The police chief’s eyes glittered damply with emotion. “That’s supposed to be a surprise. We’re going to make you an honorary deputy next month. Give you a key to the city, too. Big ceremony. When we announce it, try and pretend you didn’t know.”

“Do I get my very own badge?”

“Bet your ass,” Rickles said, and laughed a husky, beery laugh. “What I wonder, how come you’re not a deputy for real?”

“I applied. You turned me down.”

“Me?” Rickles put a hand to his chest and opened his eyes wide in stunned disbelief.

“Well. The department anyway.”

“Didn’t you serve in Iraq?”

“Mm-hm.”

“And we turned you down? Why?”

“One position, fifty applicants, and I came up short in the melanin department.”

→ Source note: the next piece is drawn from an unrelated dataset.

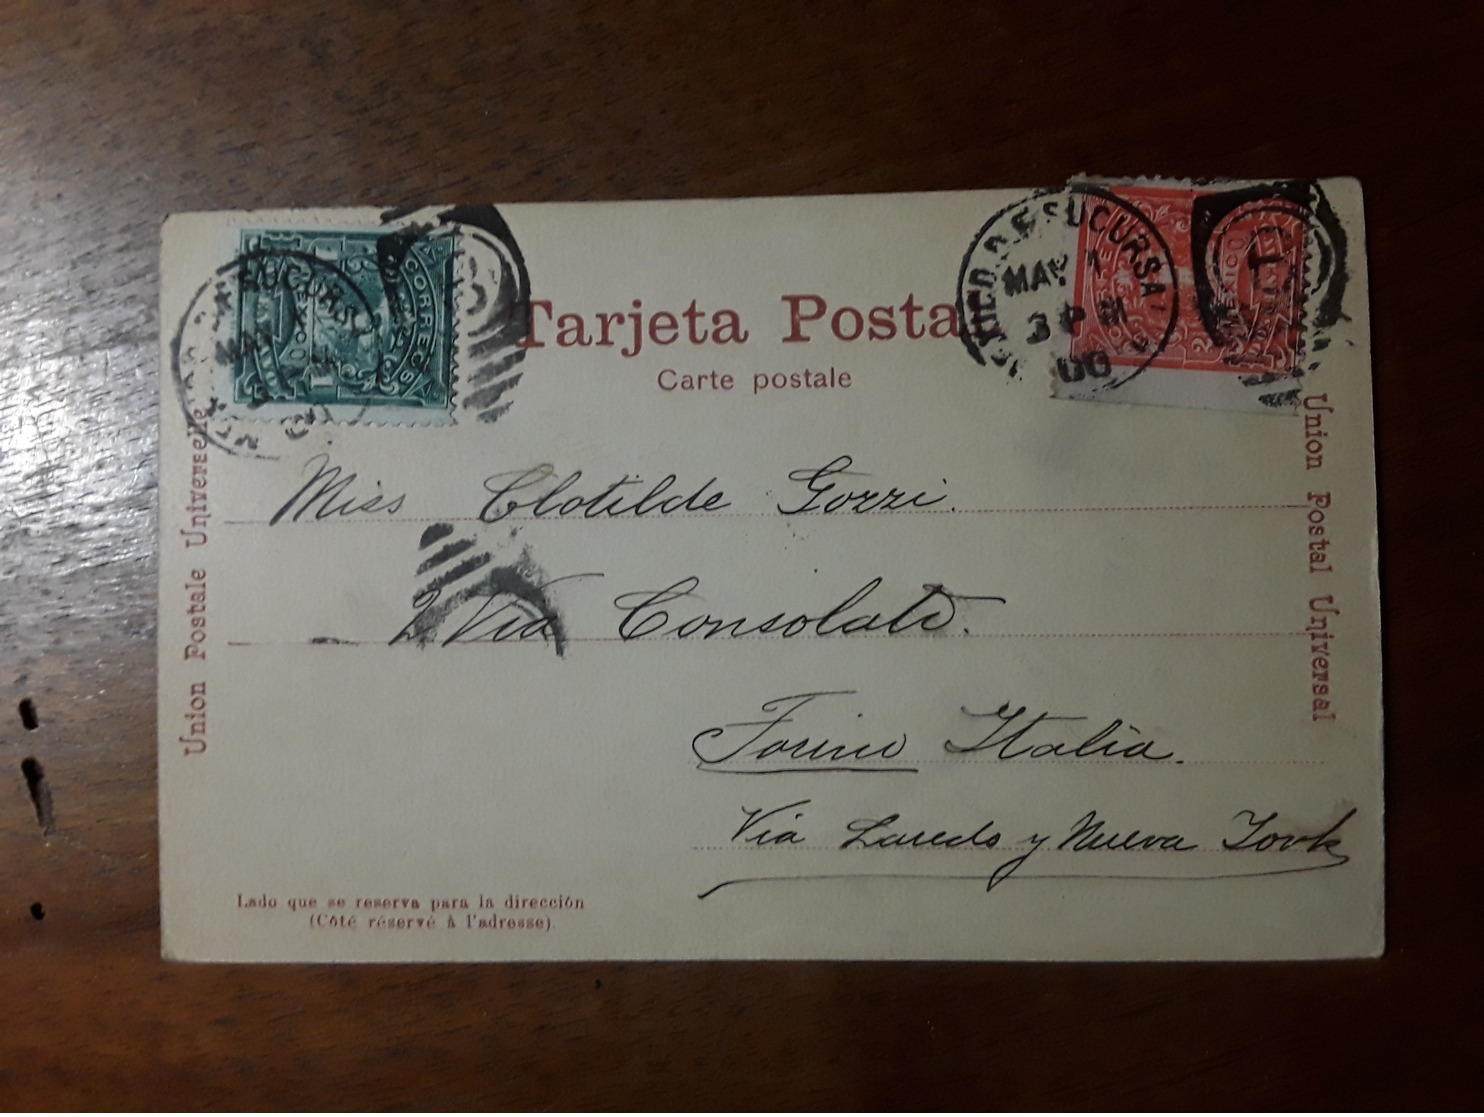 Cartolina Postale,  Postcard 1900, Mexico, La Catedral - Messico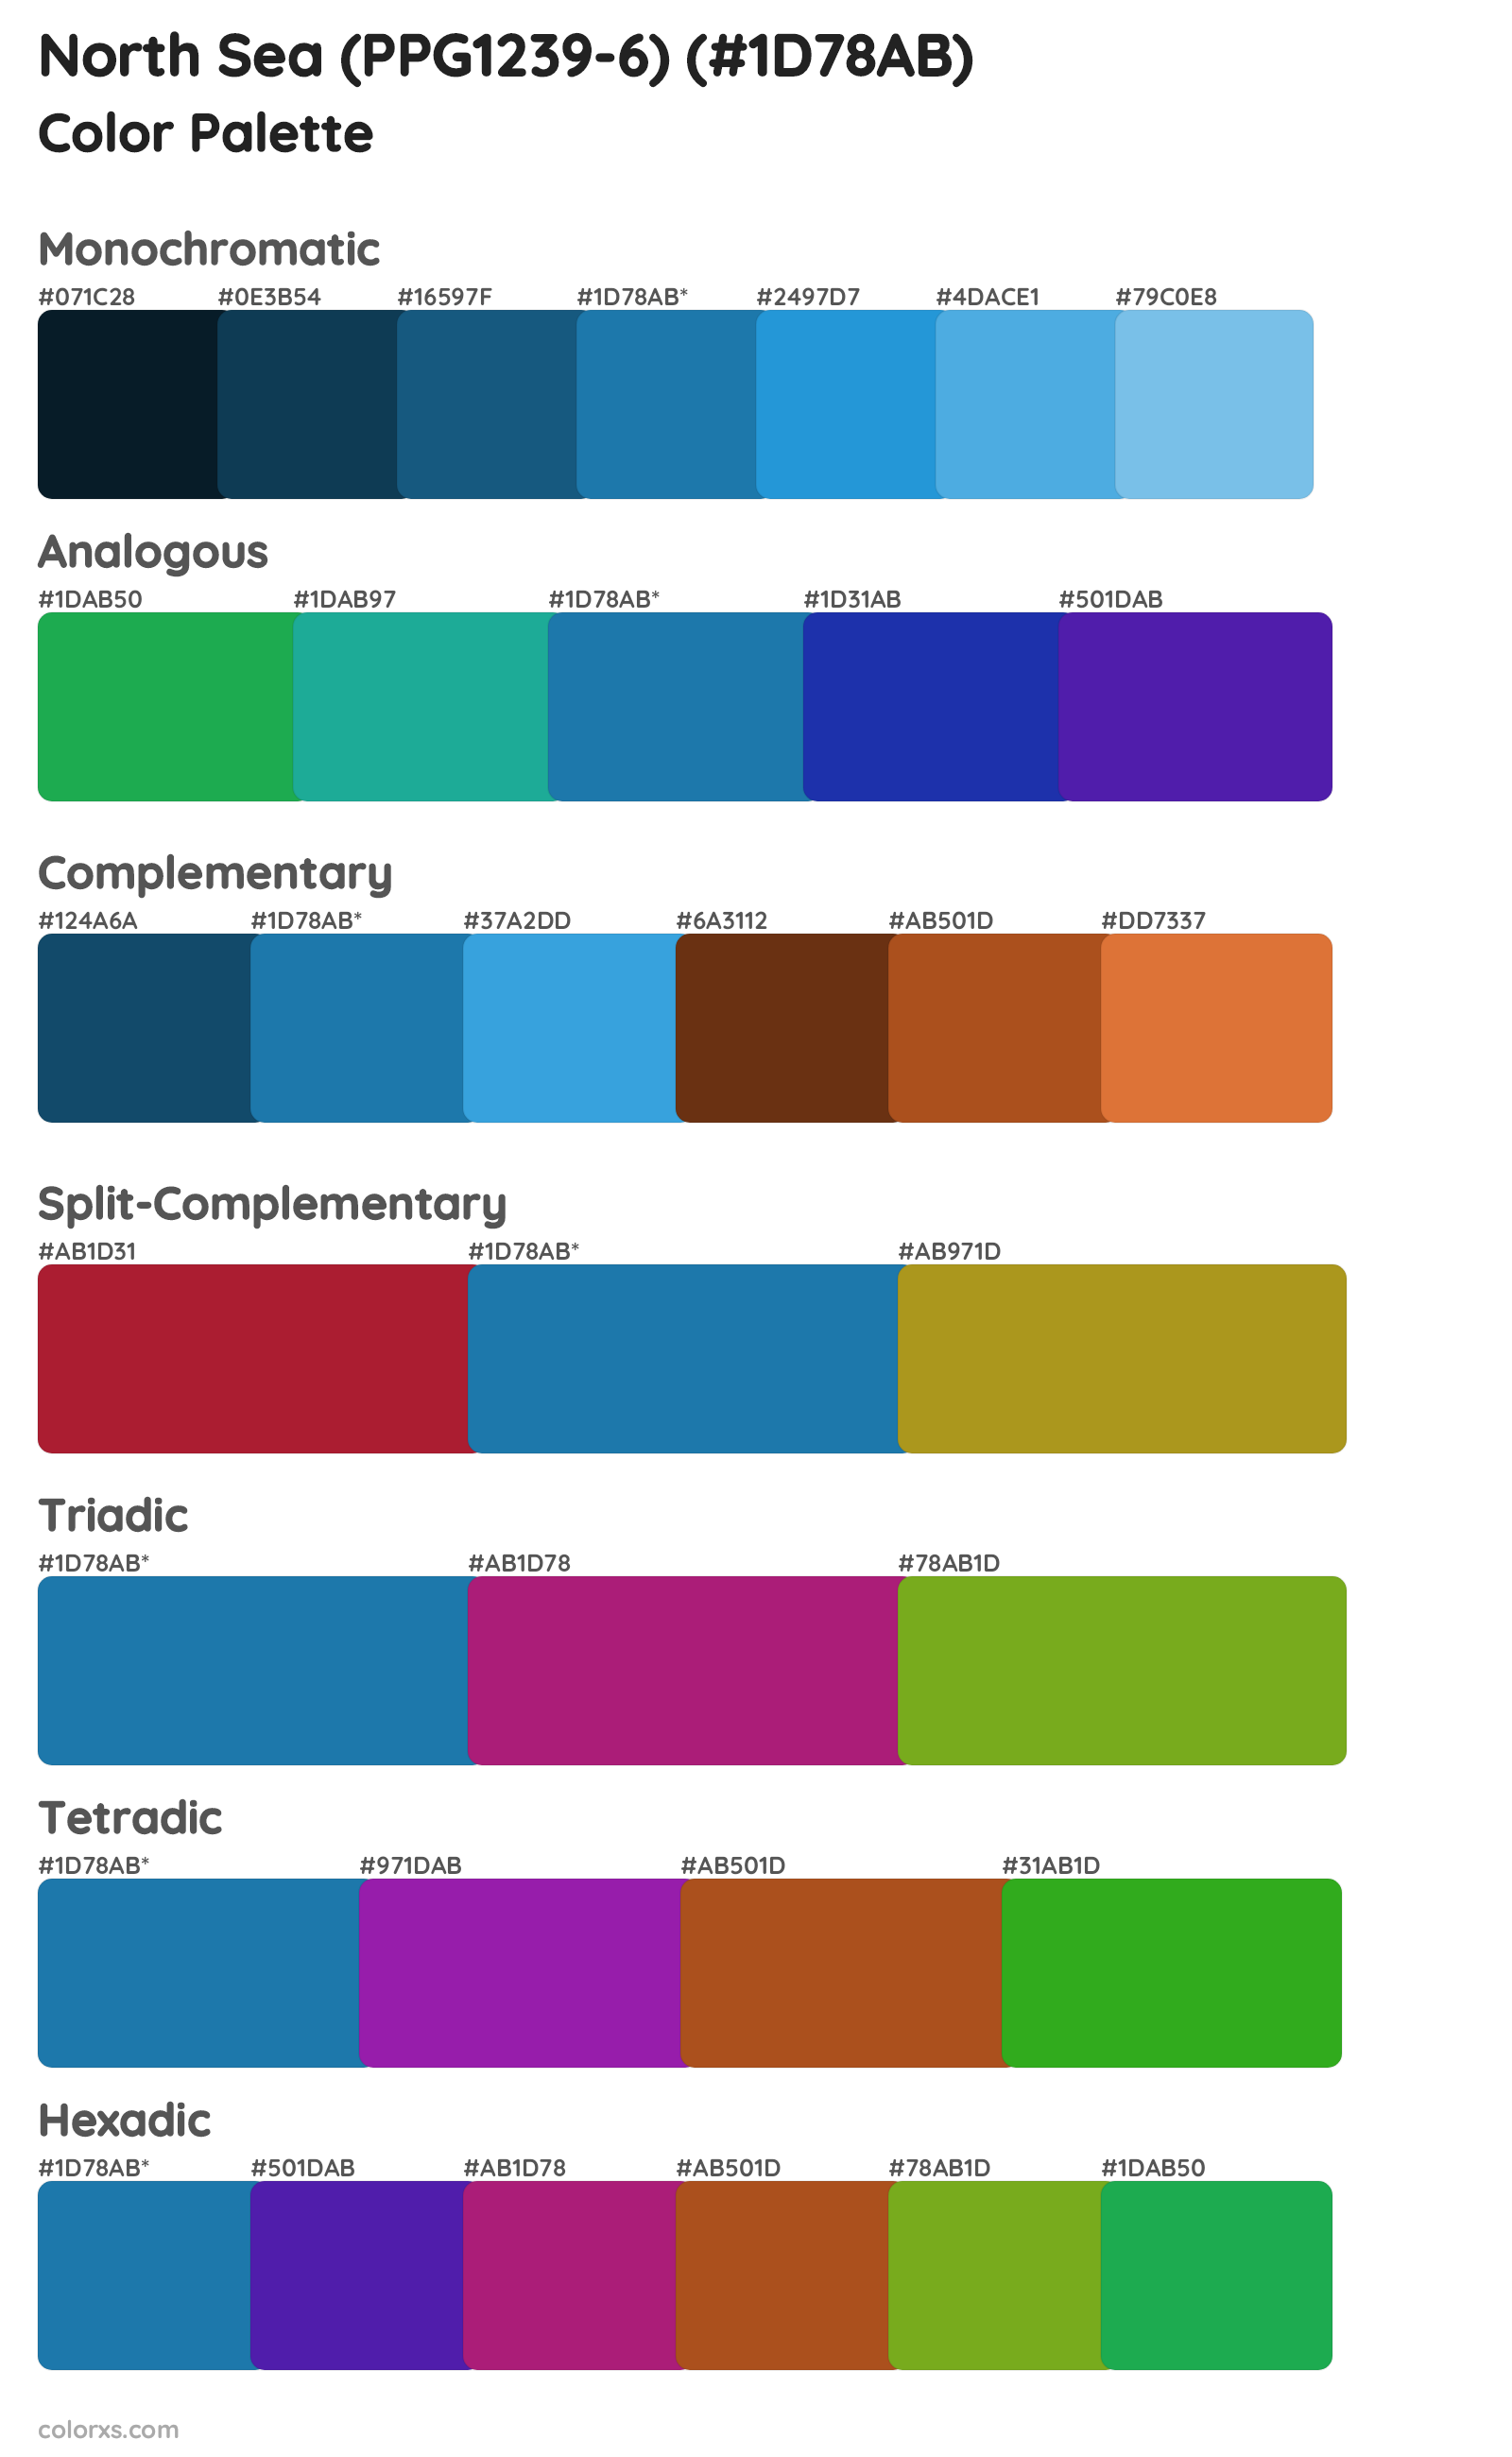 North Sea (PPG1239-6) Color Scheme Palettes

Rickles nodded sadly. “Christ, isn’t that always the story. Though, no matter how much you do to show you care about diversity, it’s never enough. Did you read that hit piece the Digest ran, about the drama student? No? So twenty years ago, there’s an APB out for a deranged African American with a knife who cut up a white couple and stole their Miata and a Hermès purse full of loot. Wife died, husband pulled through. Cops traced the Miata to a parking lot in the Black & Blue and saw a guy matching the description walking away from it, holding a knife, purse over his shoulder. They tell him to get facedown, he runs instead. He goes around the corner of a little shopping plaza—then changes his mind and turns back. When the cops come around the corner, they run smack into him. They think he’s charging, and one of them blasts his black ass. Well, turned out he wasn’t holding a knife. It was a CD. The Hermès purse over his shoulder? It was a Little Mermaid backpack he was carrying for a cousin of his. He was a seventeen-year-old slickster who did summer-stock theater and who was applying to the London School of Drama. He ran because he’d been wandering around opening cars, grabbing stuff, petty thievery. Basically, he died of a guilty conscience.”

In his mind Kellaway shot the Muslim woman all over again. It made him angry, thinking about her, trying to figure out why the bitch had stood up, why she didn’t stay still. He resented her for making him shoot her.